The Romeo Section is a Canadian spy thriller television series created and written by Chris Haddock which debuted on October 14, 2015, on CBC Television. CBC renewed the series for a second season which began airing on October 5, 2016. The series ran for two seasons.

Seasons

Season 1
The series follows spymaster Professor Wolfgang McGee, an academic who secretly manages a roster of espionage assets. These assets, referred to as Romeo or Juliet spies, are informants engaged in intimate relations with intelligence targets. Wolfgang himself is a semi-retired Romeo operator, having worked his way up in an officially deniable "service" under the umbrella of Canada's intelligence community. Based in Vancouver, British Columbia, the Romeo and Juliet recruits infiltrate the city’s heroin trade and keep eyes on an asylum seeker, while their handler searches for the elusive faction leader of the Red Mountain Triad.

Season 2
In the Le Carré-esque second season, the master of espionage, Wolfgang McGee, steps away from his role of asset handler to investigate an attempted bombing in Vancouver. The case comes to Wolfgang through Harry, a shadowy government figure, who presents the theory that the attack could have been a false flag operation. For help, Wolfgang calls upon an old acquaintance, a black-balled spy named Norman. Together they review the chain of events surrounding the attack to uncover massive holes and blunders, either made by human error or deliberately, as sabotage. To find out which, the two spies investigate the mystery.
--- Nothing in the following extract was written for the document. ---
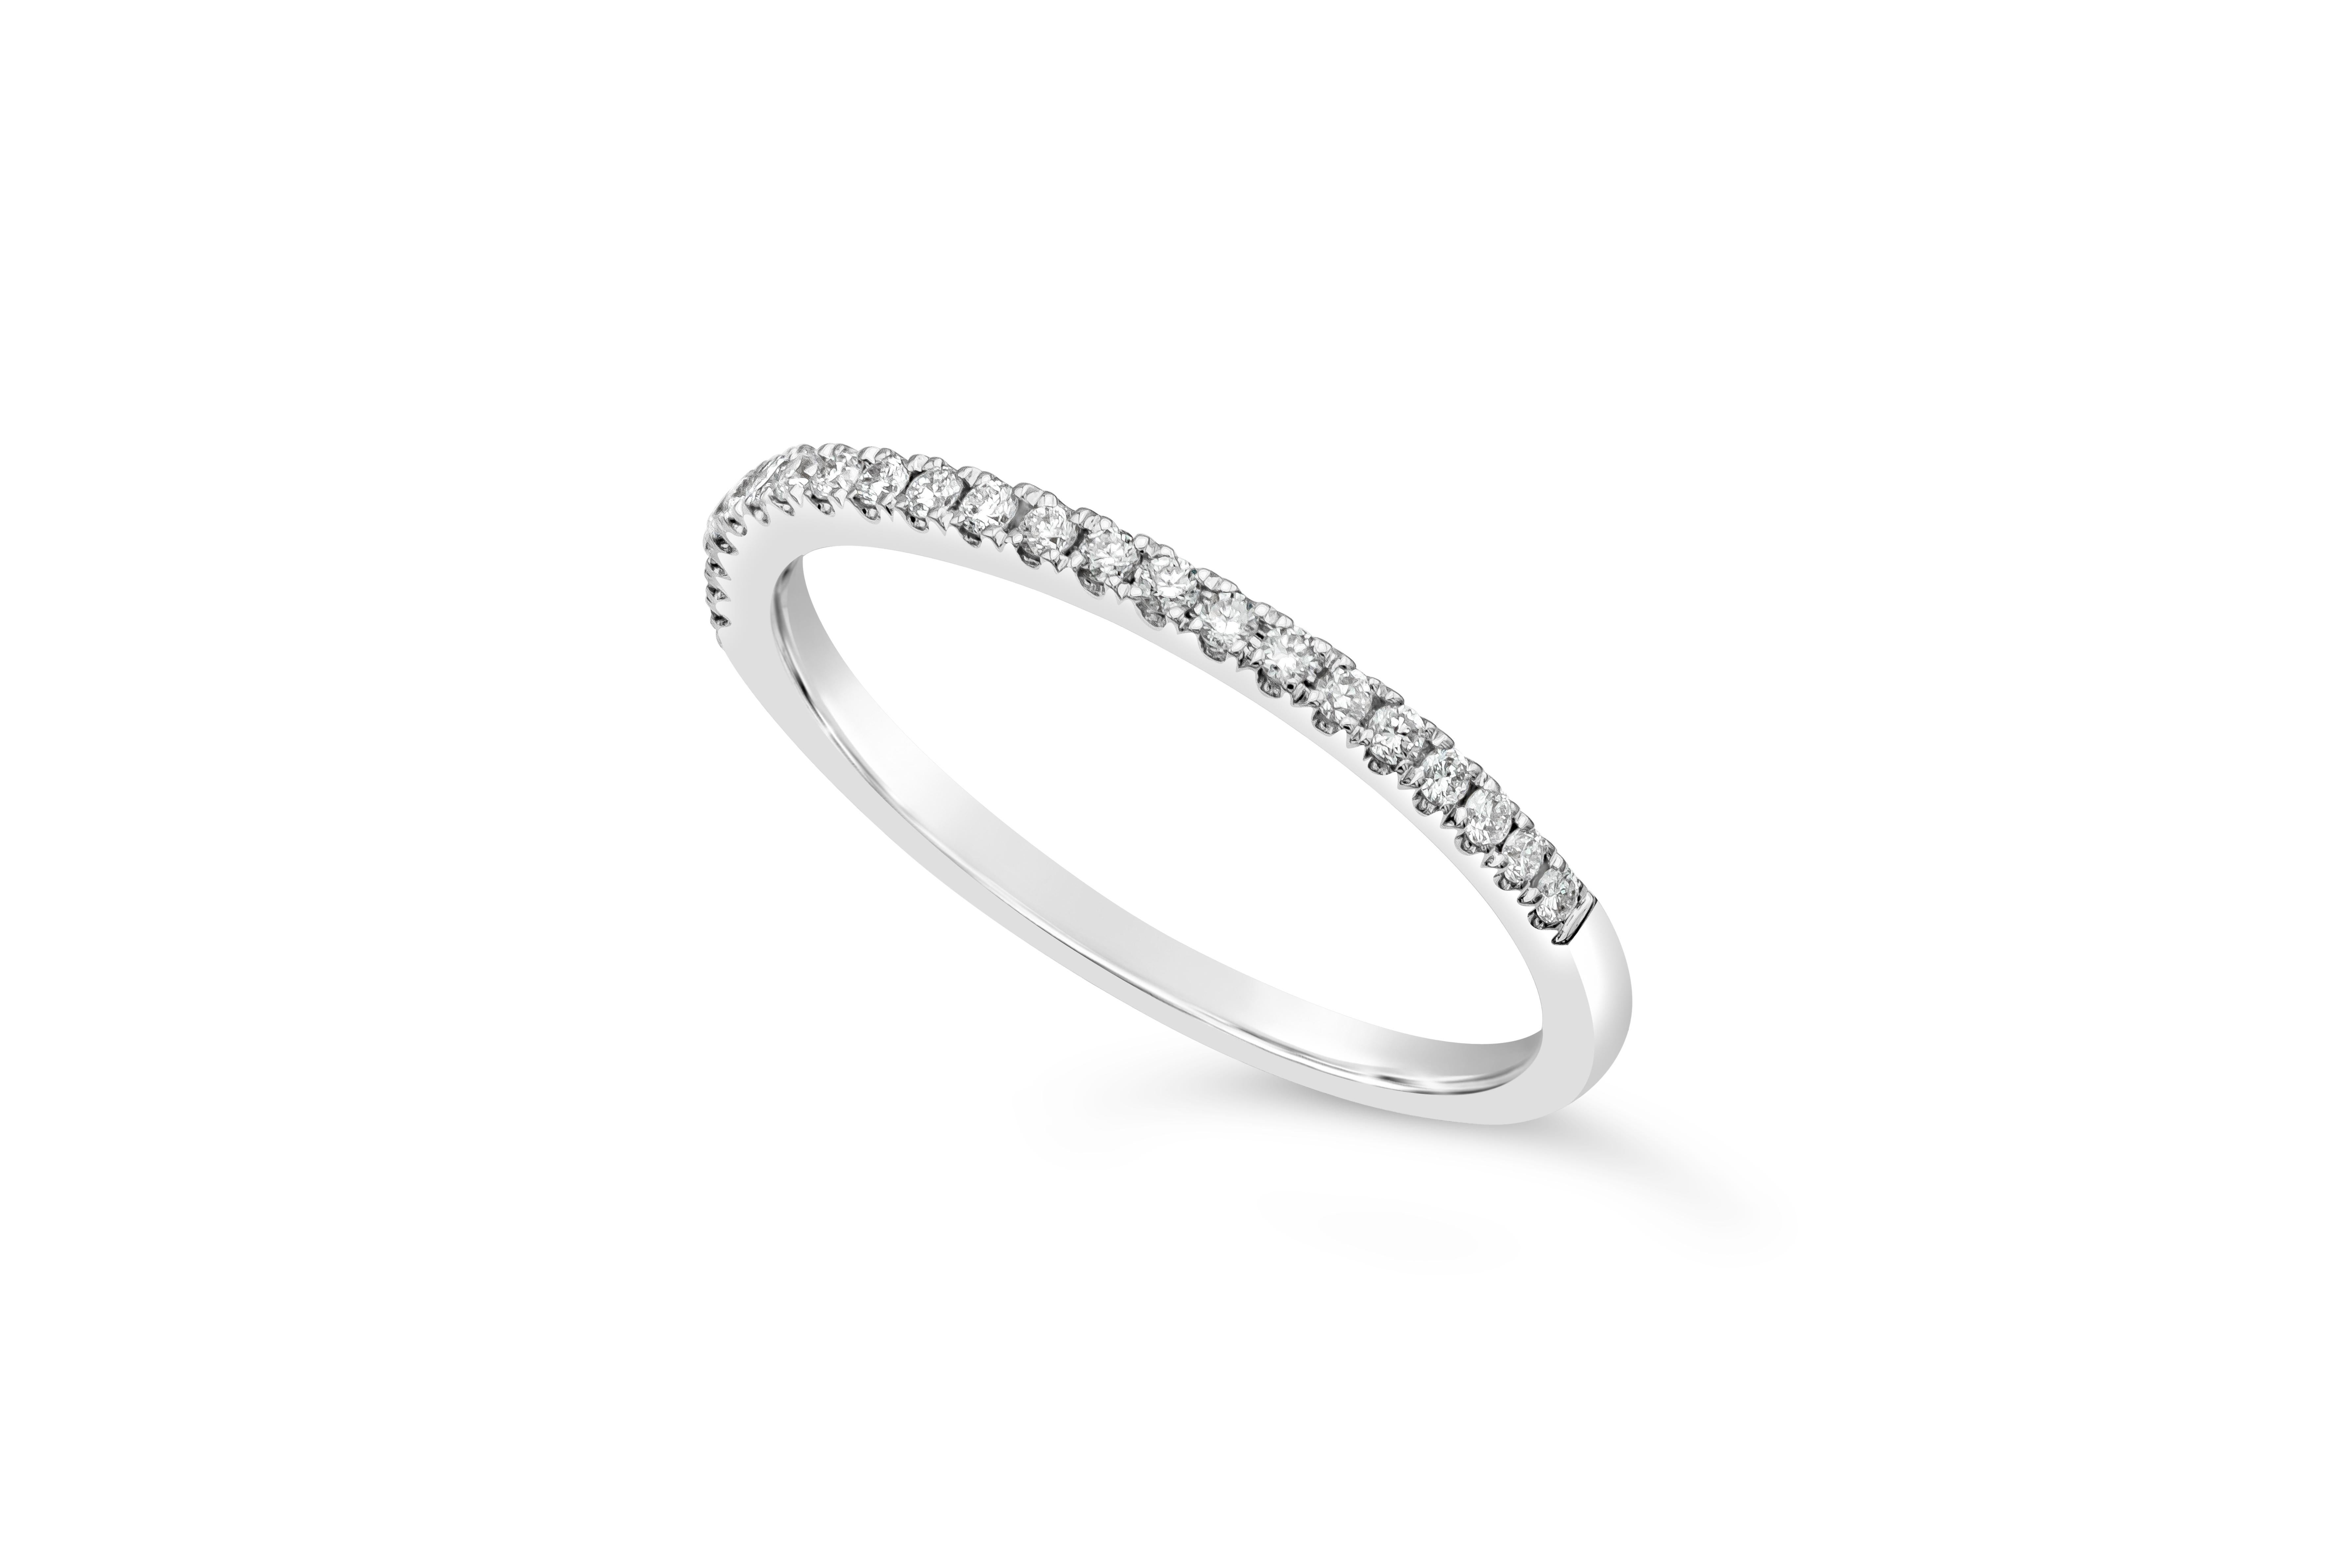 A classic half way eternity band style showcasing a row of 22 round brilliant Diamond weighing at 0.13 carat total, F-G color and VS-SI clarity.  Made with 18K White Gold

Style available in different price ranges. Prices are based on your

Meanwhile, separated from Wolfgang, former assets Rufus and Lily use their Romeo skills to seduce their way up the ladder in the heroin trade and espionage circles.

Cast
 Andrew Airlie as Wolfgang McGee (often going by the name Rupert Holmby for his undercover work)
 Juan Riedinger as Rufus Decker
 Eugene Lipinski as Al Crenshaw (often going by the name Bill West for his undercover work)
 Fei Ren as Mei Mei
 Ian Tracey as Fergie
 Jemmy Chen as Lily Song (season 1)
 Stephanie Bennett as Dee (season 1)
 Matt Bellefleur as Vince Taggart (season 1)
 Manny Jacinto as Wing Lei (season 1)
 Sophia Lauchlin Hirt as Eva Walker (season 1)
 Mathias Retamal as Miguel Padilla (season 1)
 Leeah Wong as Lily Song (season 2) 
 Brian Markinson as Norman (season 2)
 Jorge Montesi as Harry (season 2)

Episodes

Season 1 (2015)

Season 2 (2016)

References

External links
 
 

2015 Canadian television series debuts
2016 Canadian television series endings
2010s Canadian drama television series
CBC Television original programming
Espionage television series
Television shows filmed in Vancouver
Television shows set in Vancouver
Canadian thriller television series
Triad (organized crime)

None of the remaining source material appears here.